Row 6: Data Platform (8 panels)

Redpanda Connect pipeline metrics from the internal metrics endpoint on port :4195.

Panel Description
Redpanda Input Latency (ms) Input processing latency
Redpanda Output Latency (ms) Output processing latency
Redpanda Batch Throughput Message batch processing rate
Redpanda Errors/sec Error rate from output_error_total
Redpanda Output Connection Output connection status
Redpanda Input Connection Input connection status
Redpanda Messages In/sec Inbound message throughput
Redpanda Messages Out/sec Outbound message throughput

Row 7: Databases (18 panels)

Metrics from postgres-exporter on port :9187 and redis-exporter on port :9121.

Covers: exporter health, connections, cache hit ratio, transactions/sec, deadlocks, tuple operations, DB size, active queries, locks (Postgres); keys, evicted keys, network I/O, uptime, hit rate, ops/sec, memory, clients (Redis).

Row 8: Block Storage (8 panels)

Garage metrics from the admin API on port :3903.

Covers: disk usage, stored blocks, cluster health, connected nodes, storage nodes, partitions OK, resync queue, admin request rate.

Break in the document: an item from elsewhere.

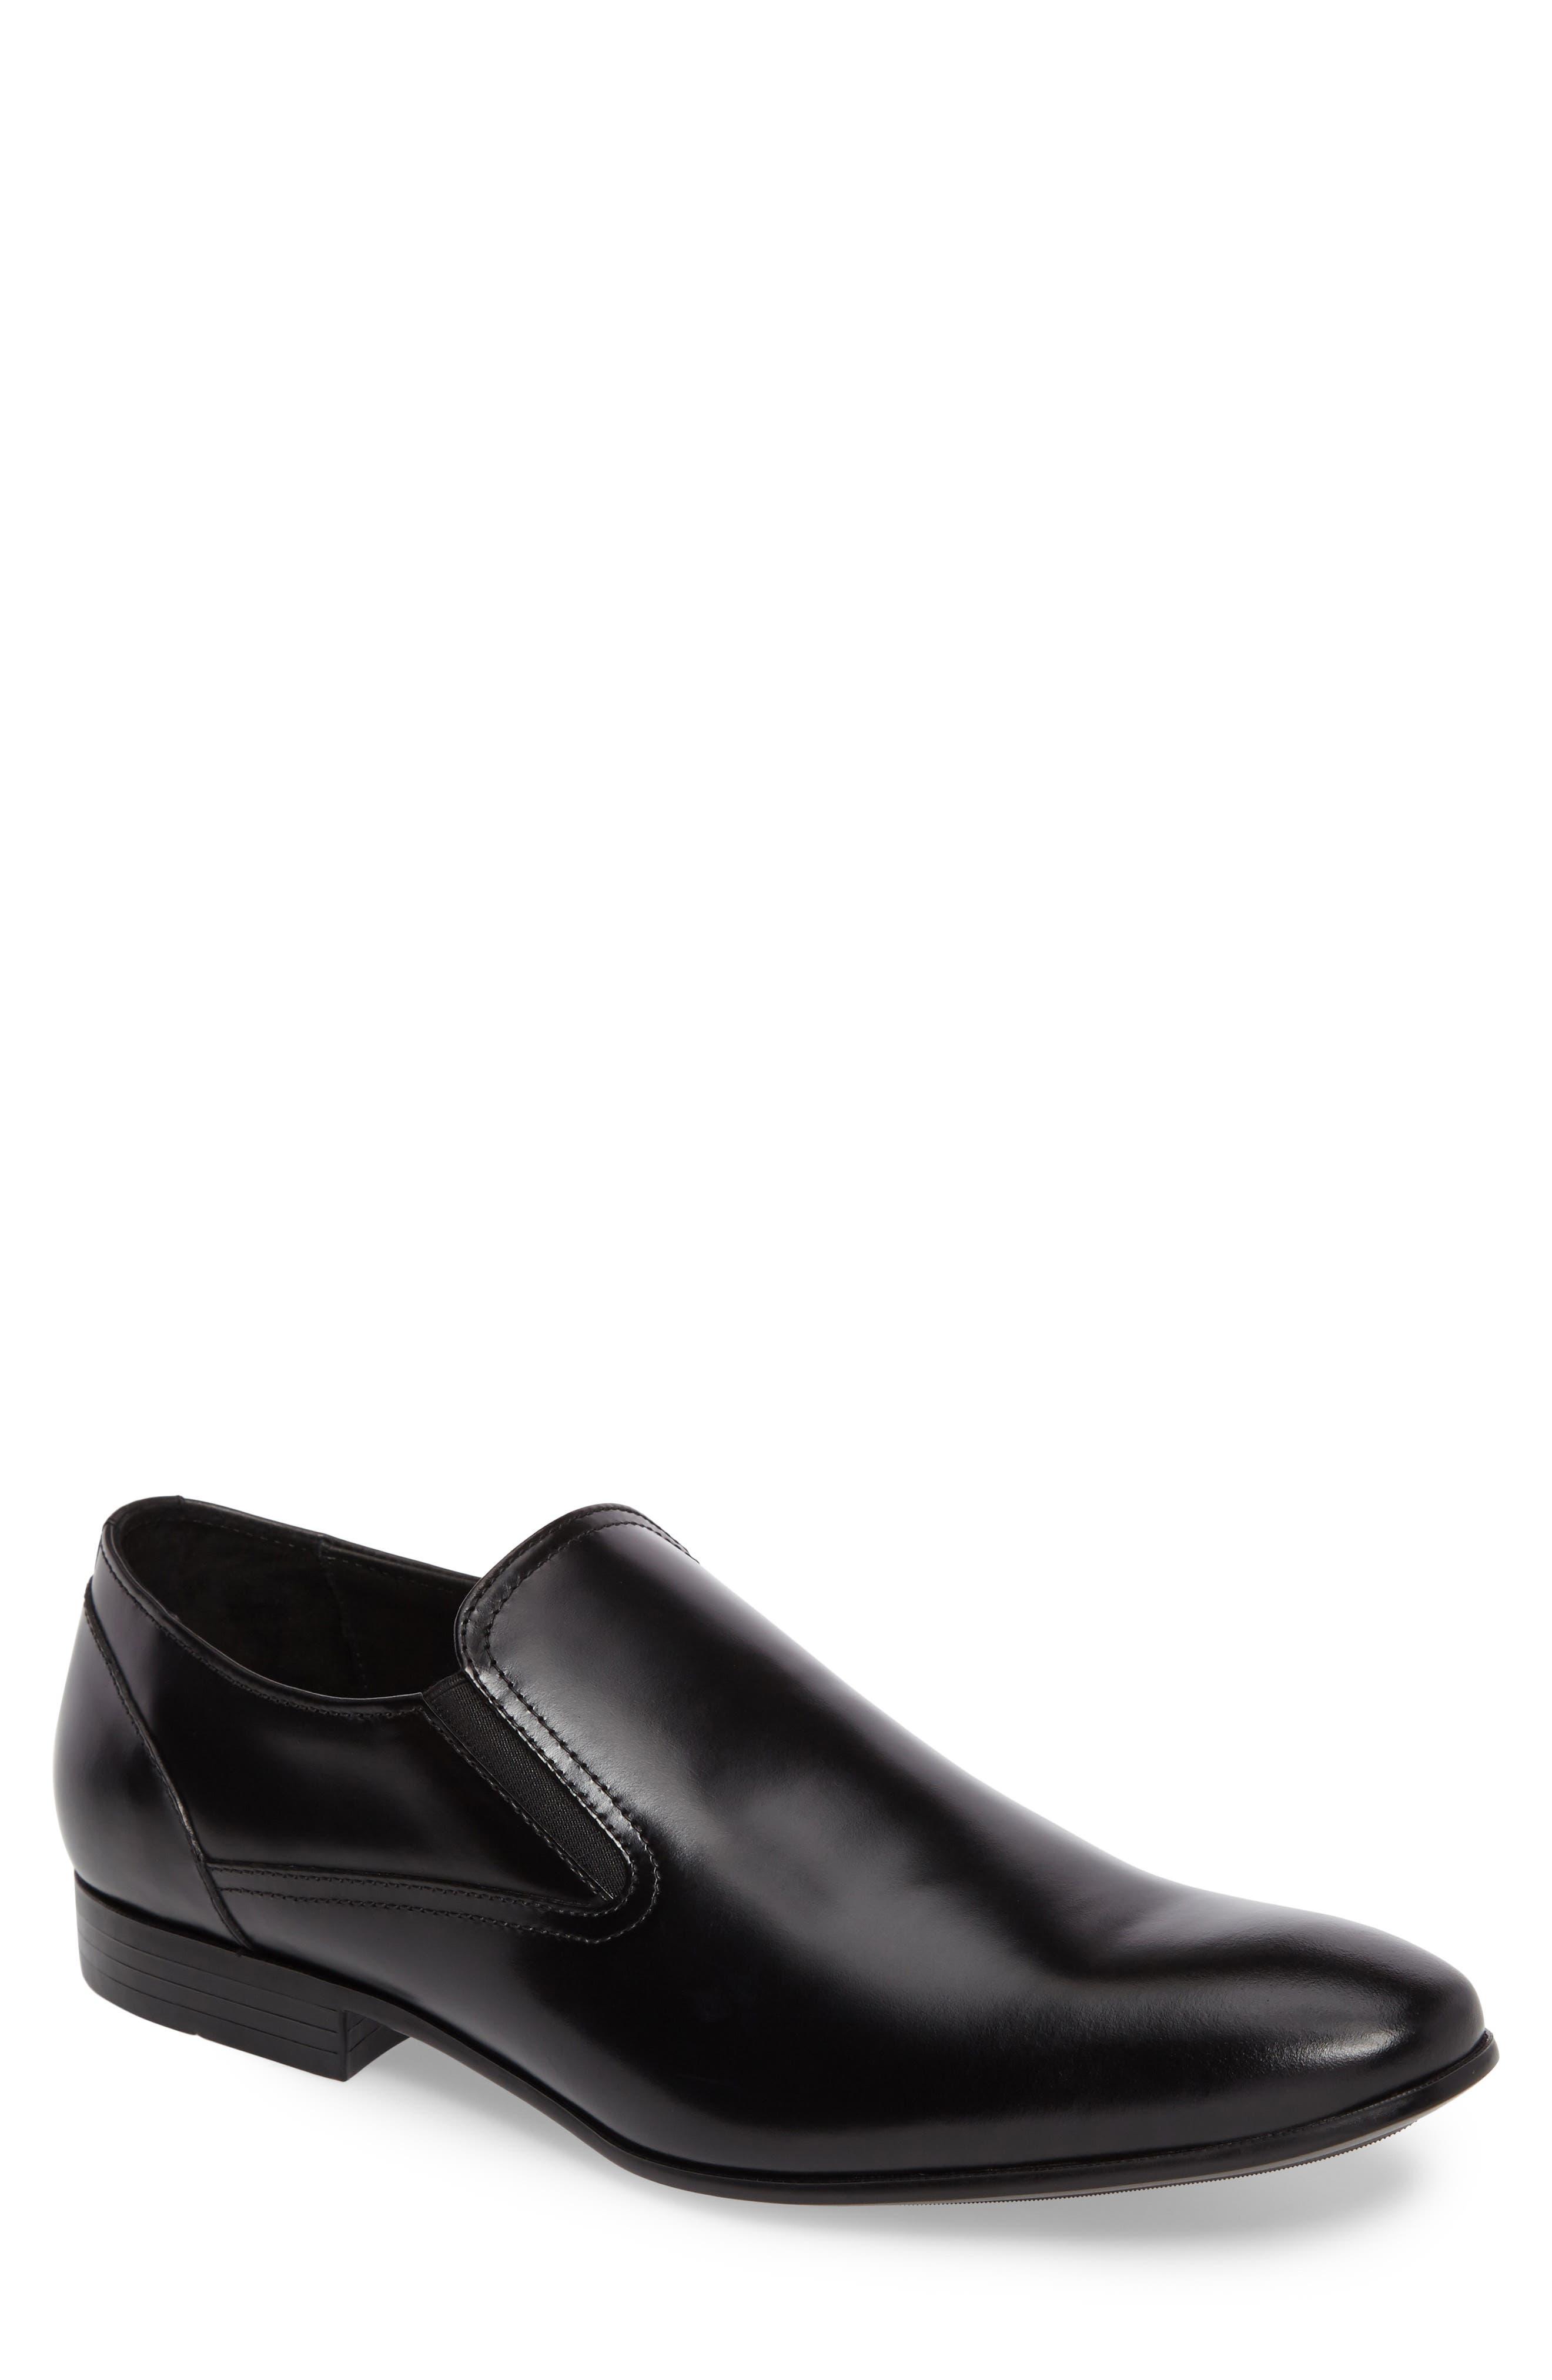 Venetian Loafer,                             Main thumbnail 1, color,                             Black Leather

Row 9: Orchestration (9 panels)

Airflow metrics from the StatsD exporter on port :9102.

Panel Description
DAGBag Size Number of DAGs loaded
Airflow Task Instances Task instance counts by state
DAG Parse Time Time to parse DAG files
Scheduler Executable Tasks Tasks ready for scheduling
Triggerer Capacity Triggerer slot utilization
Executor Tasks Tasks in executor by state
Scheduler Heartbeat Scheduler liveness
DAG Import Errors DAG loading failures
Pool Slots (default_pool) Pool slot utilization

Alerting

Alert rules are provisioned from monitoring/grafana/provisioning/alerting/rules.yml. They cover batch stalls, accuracy degradation, resource saturation, GPU temperature, and service availability. Alerting is present in the configuration but has not been tested yet.

For a complete reference of available metrics and their Prometheus names, see Performance Metrics.